> Data:
● ● ● ● ●

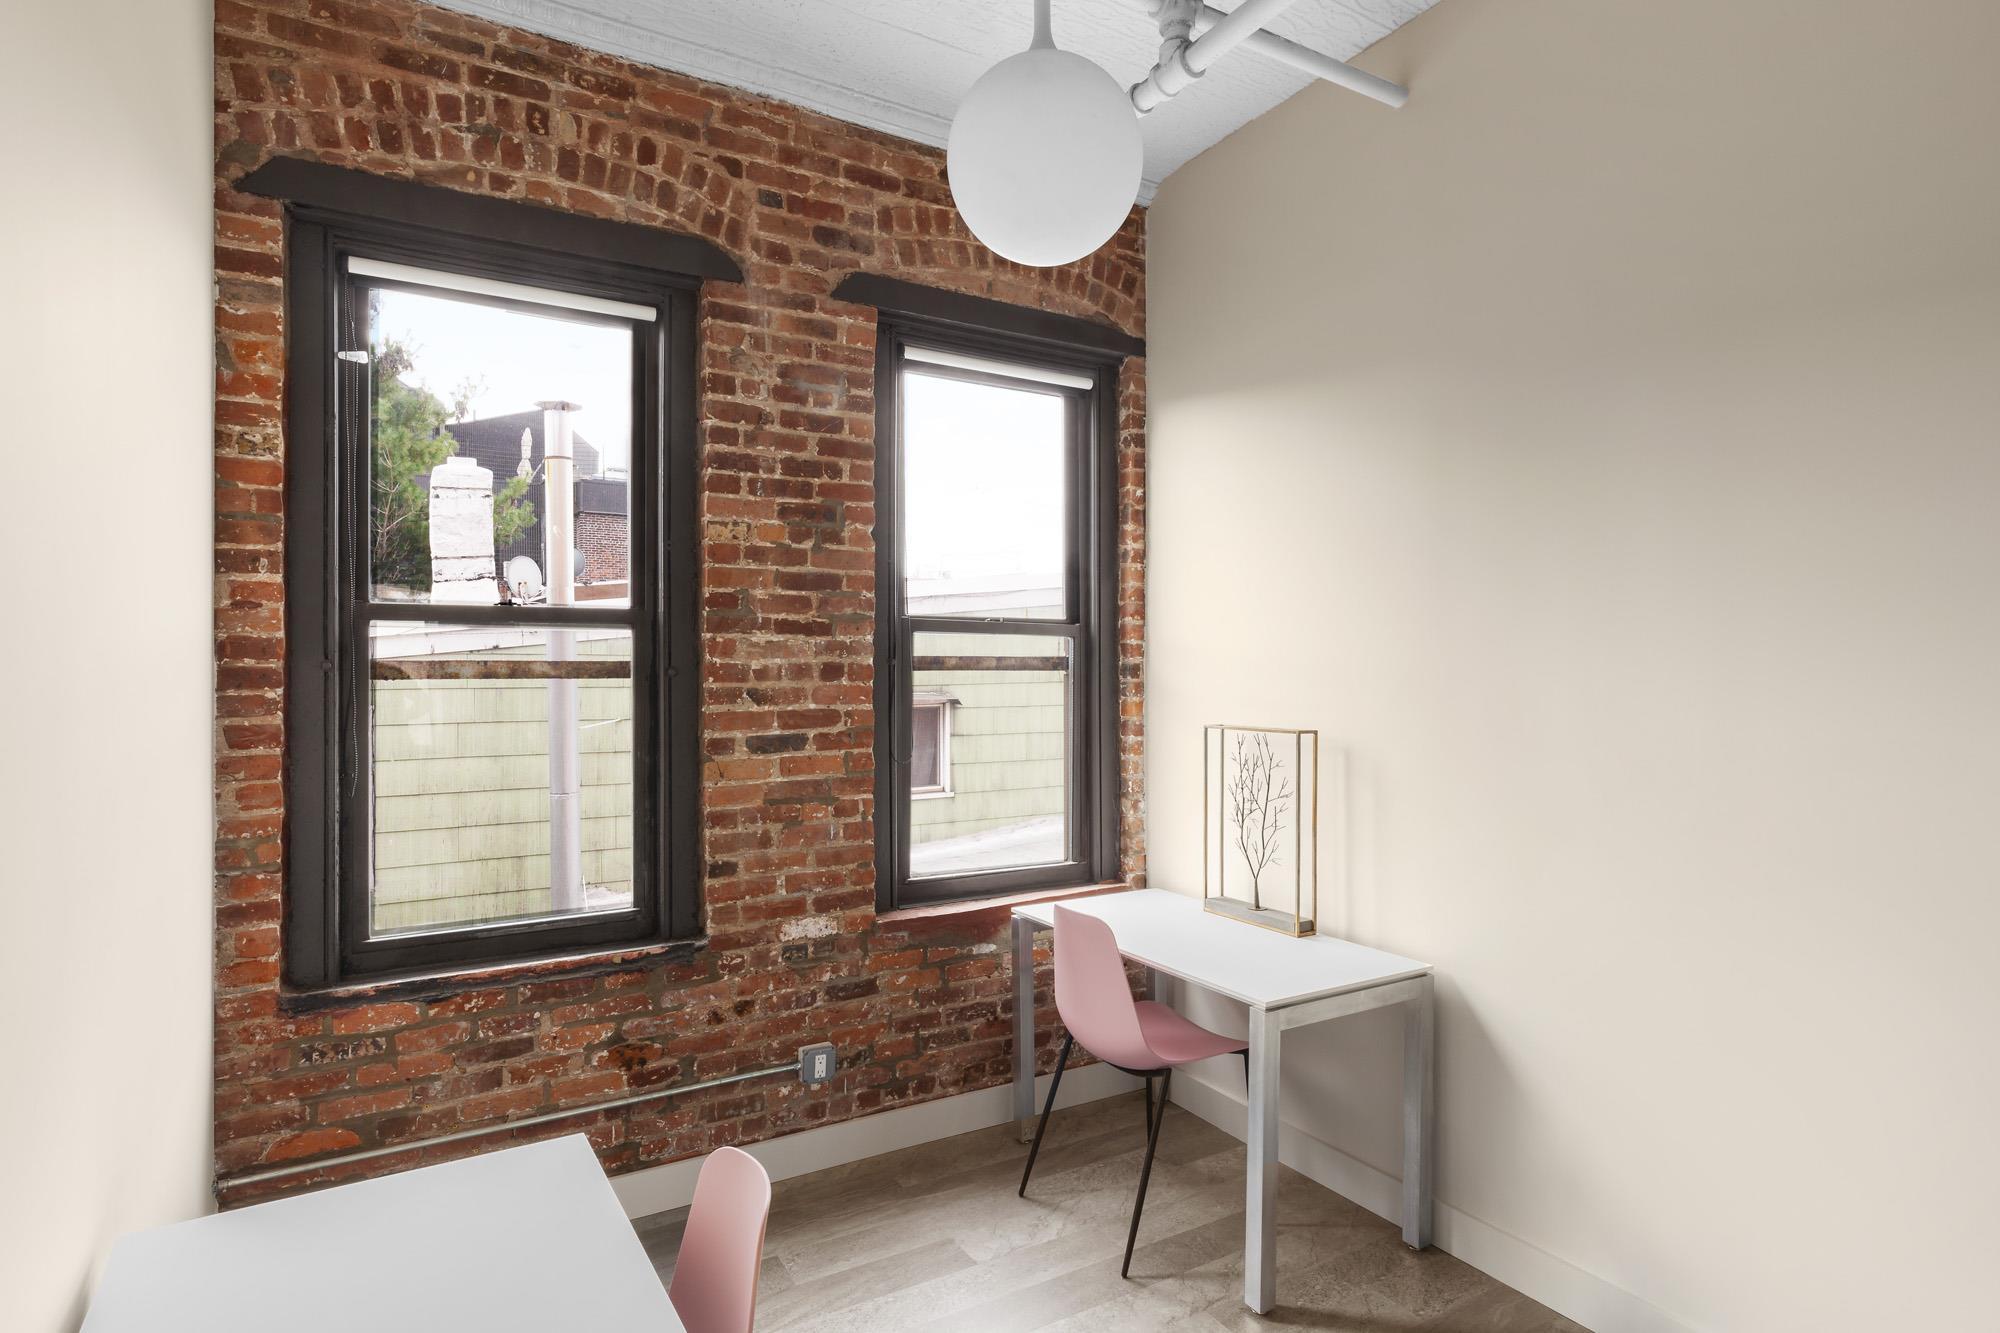 CLASS&CO - Office Space - 3 desks
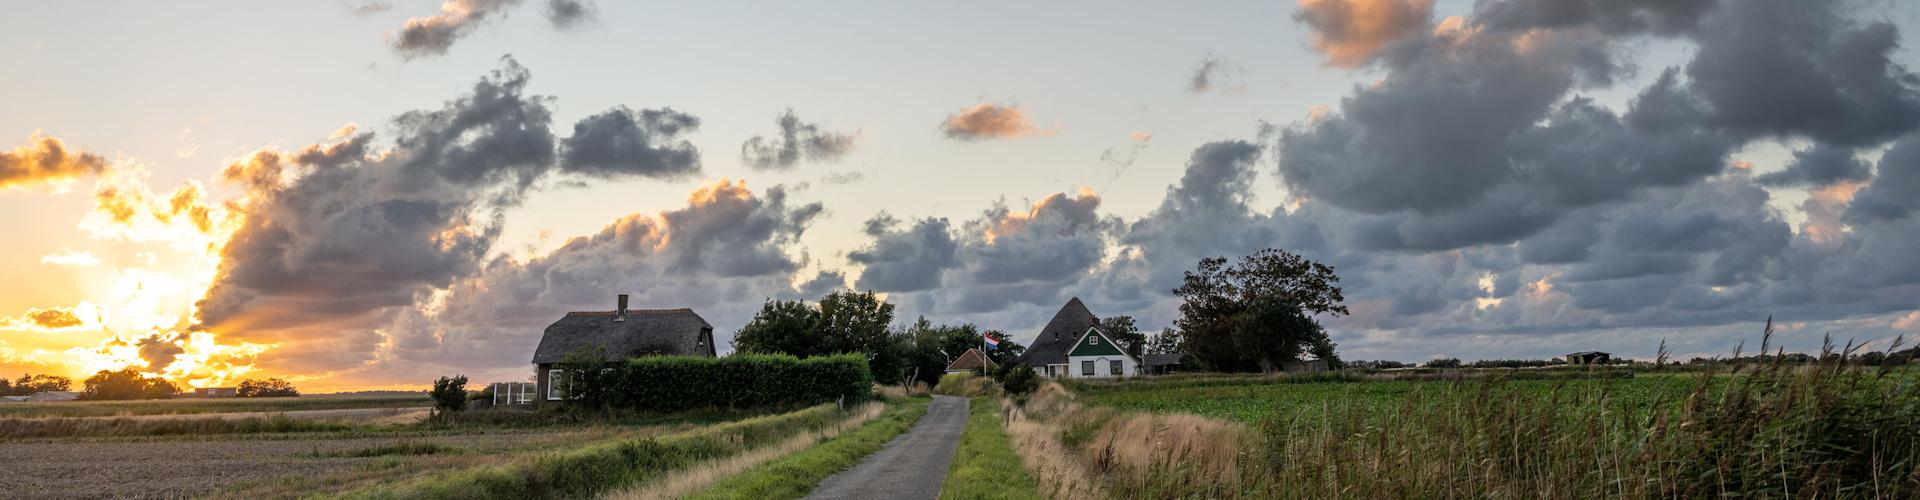 Bargerhof Texel
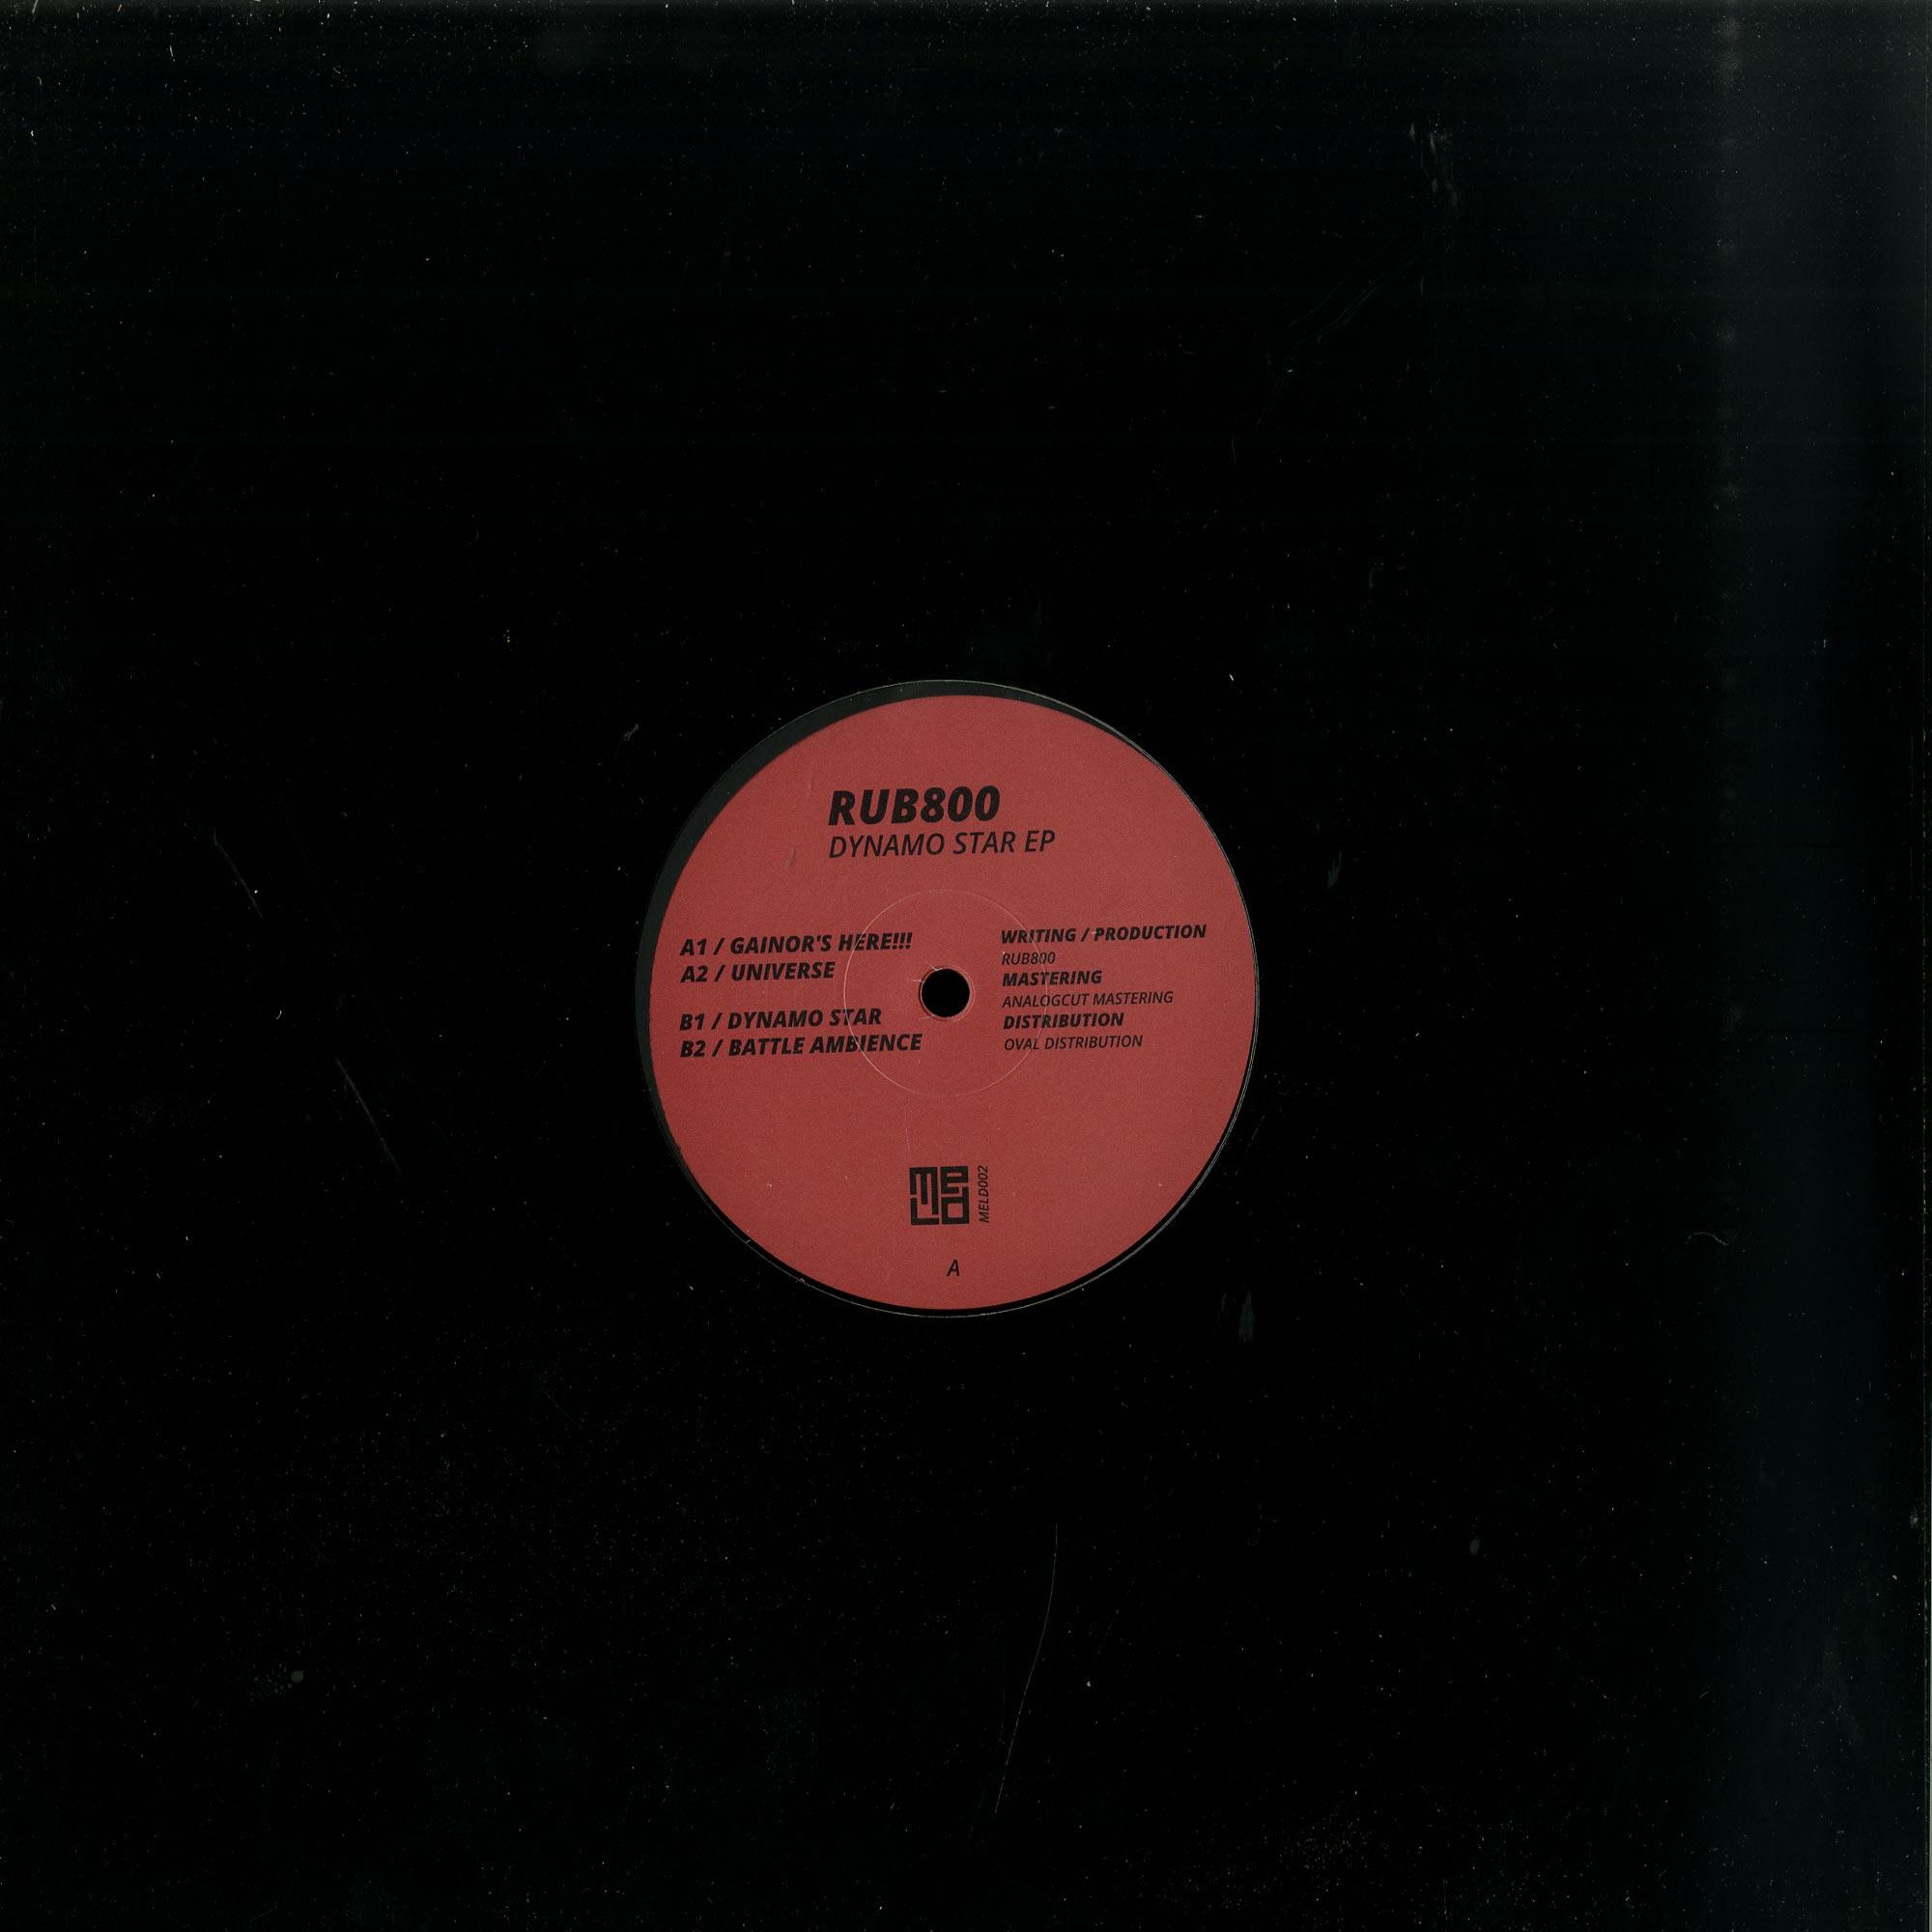 Rub800 - DYNAMO STAR EP
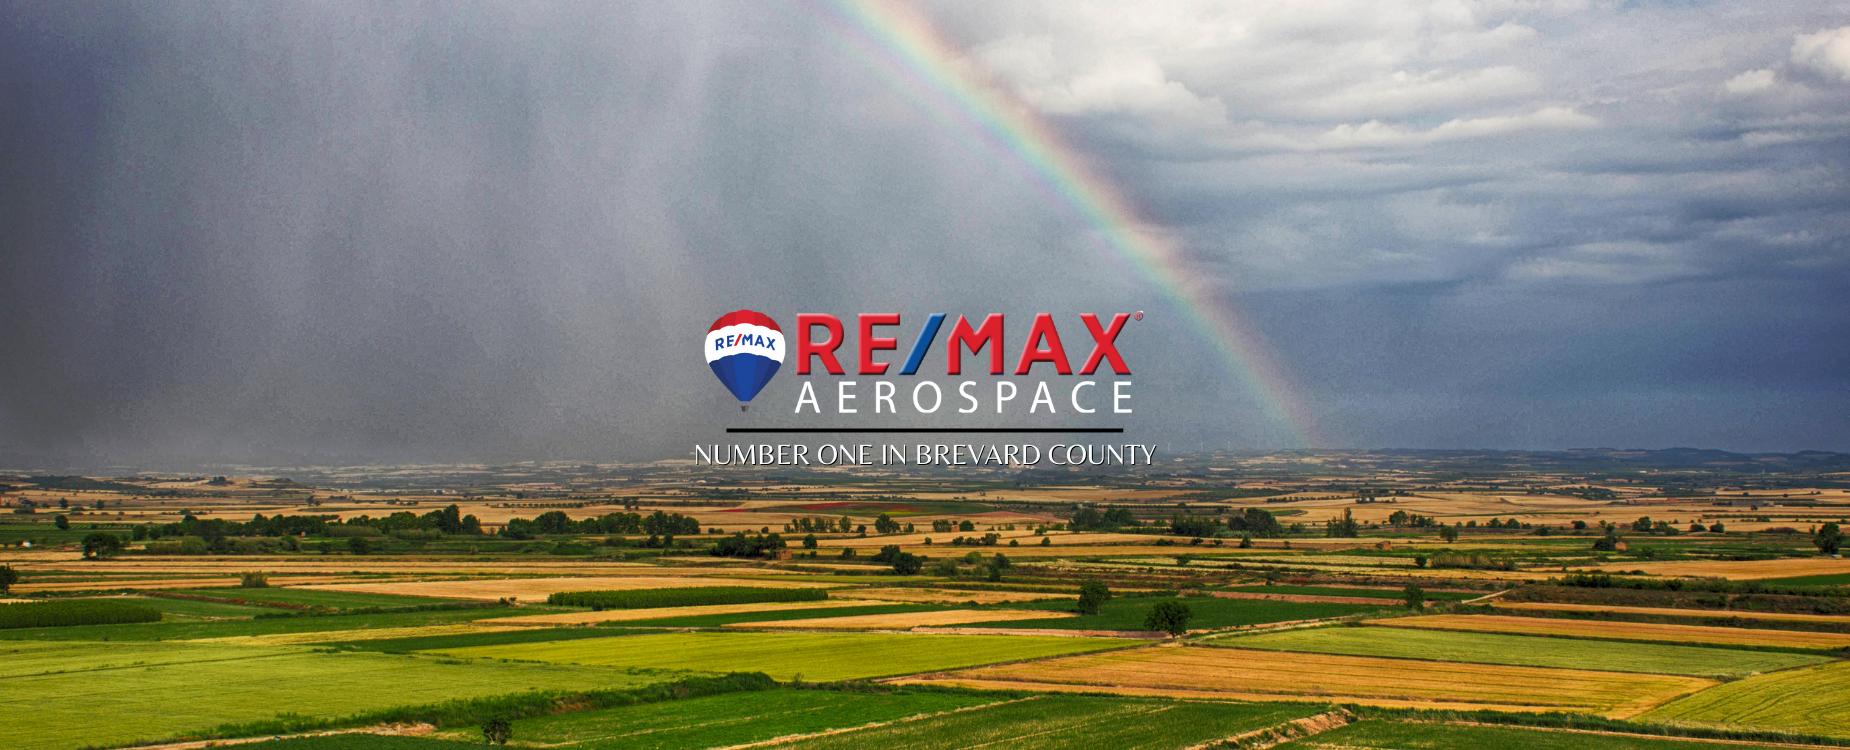 Remax Aerospace - rainbow

● ● ● ● ●

> What you have to do: Would you copy the lines from the one holding "Bargerhof Texel" down to the last line of the material, both included, exactly and with nothing added, skipping the pictures?

> Problem solution:
 Bargerhof Texel
 Rub800 - DYNAMO STAR EP
 Remax Aerospace - rainbow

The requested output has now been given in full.